26 Kasım 2008 Çarşamba

ÇİKOLATA DUVARLI GANAJLI PASTA


Haftasonu tatiline çeyrak kala yine bir doğumgünü pastasıyla merhaba...Bu seferki pasta ablacığım için yapıldı. Uzun zamandır çikolata duvarını denemek istiyordum, fırsat bu fırsat deyip ablam için hazırladığım pastada deneyiverdim. Çabuk verilmiş bir karar, hızla yapılmış bir deneme olmasına rağmen sonuç hiç de fena olmadı:-)))

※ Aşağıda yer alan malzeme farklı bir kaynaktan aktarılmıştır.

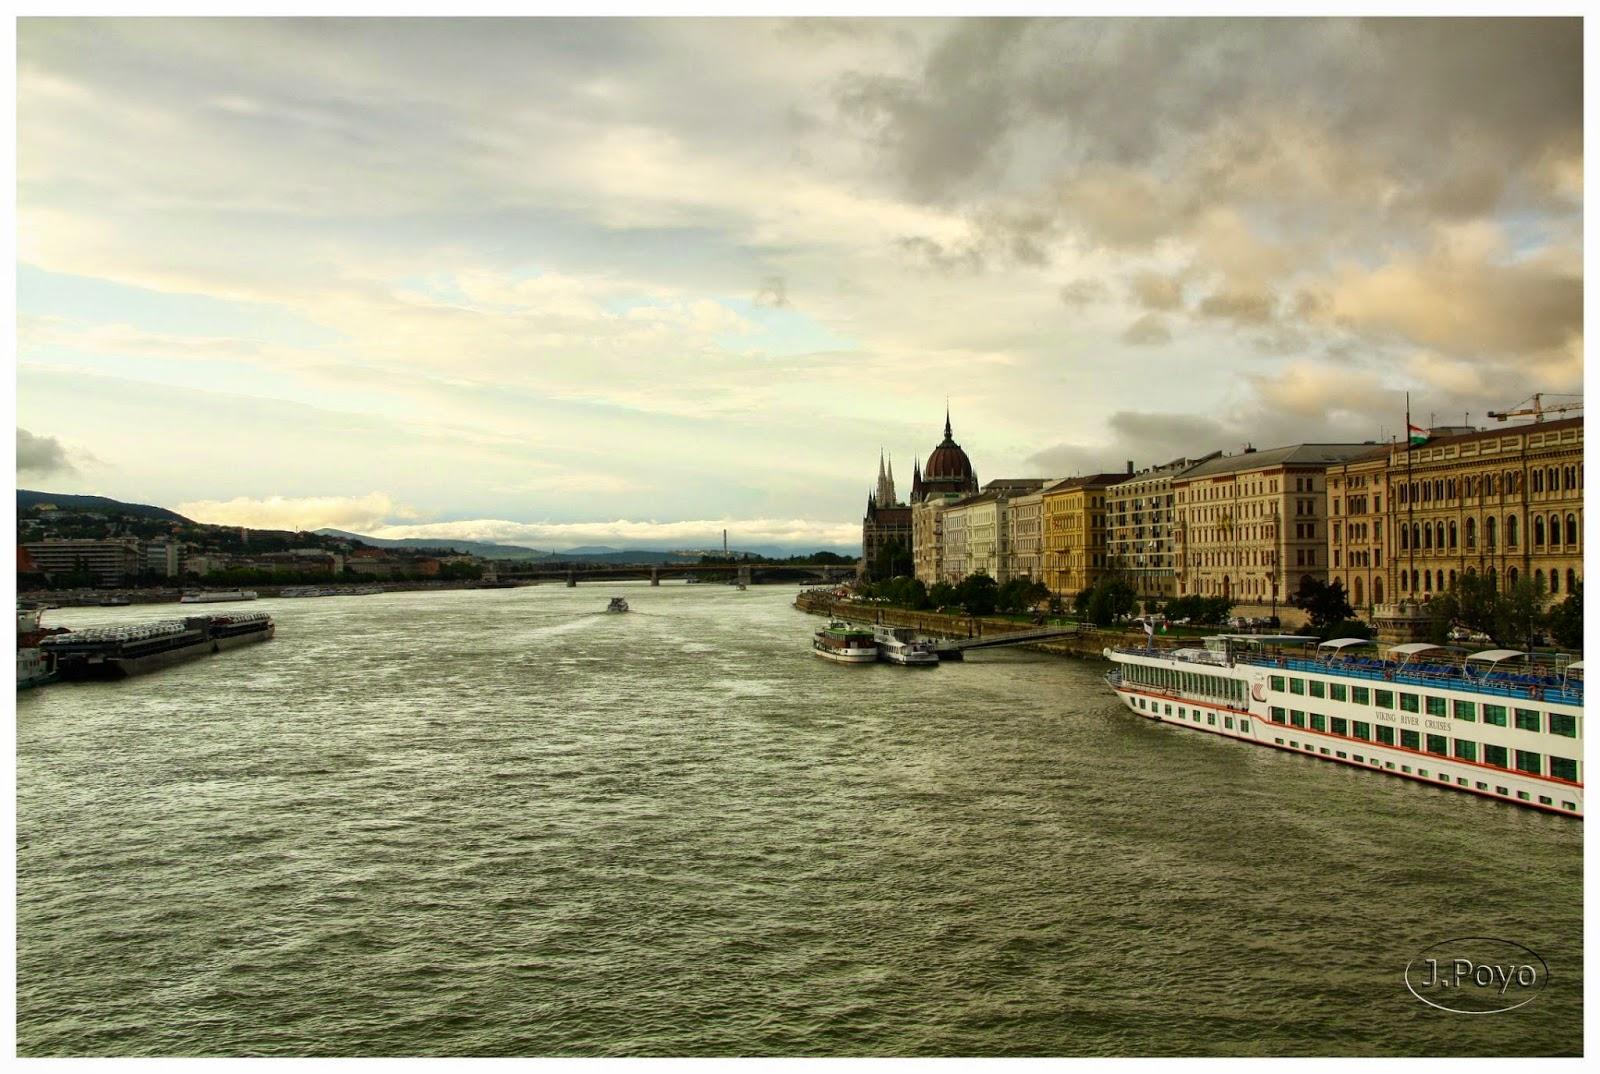 Budapest, dos ciudades separadas por el Danuvio: Buda y Pest

 Çikolata sevenler için harika bir tercih.Bu arada 1-2 hafta önce müdavimi olduğumuz Çatı Mantı'nın sahibi Fatma hanım benden arkadaşlarının evlilik yıldönümü için sürpriz bir pasta yapmamı istemişti. Akşam söylediği pastayı ertesi güne isteyince onu kıramadım ve hararetle çalışıp pastayı istediği zamana yetiştirdim. Ama bu koşturmada pastanın fotoğrafını çekmeyi unutmuşum:-((( Bu yüzden yayımlayamıyorum, Fatma abladan özür diliyorum. Onun yerine arkadaşlarım geldiğinde onlara hazırladığım ganajlı pastayı yayımlayayım :-)))))))


Bu pasta da üniversiteden arkadaşlarım için yapılmıştı:-)))

Farklı damak zevkine uygun olsun diye yarısı muzlu, yarısı şeftalili ( şeftali mi kaldı diyeceksiniz biliyorum ama bu pasta şeftali zamanından kalma :-))) bekleye bekleye ancak bu güne yayımlamak kısmet oldu, baktım bir tarif ekleyip bir hafta ekleyemez hale geldim ekledim mi çifter çifter ekliyorum artık:-))))))
Pastayı katlandırıp kremamızı koyduktan sonra üzerini ganajla kaplayıp, süslüyoruz.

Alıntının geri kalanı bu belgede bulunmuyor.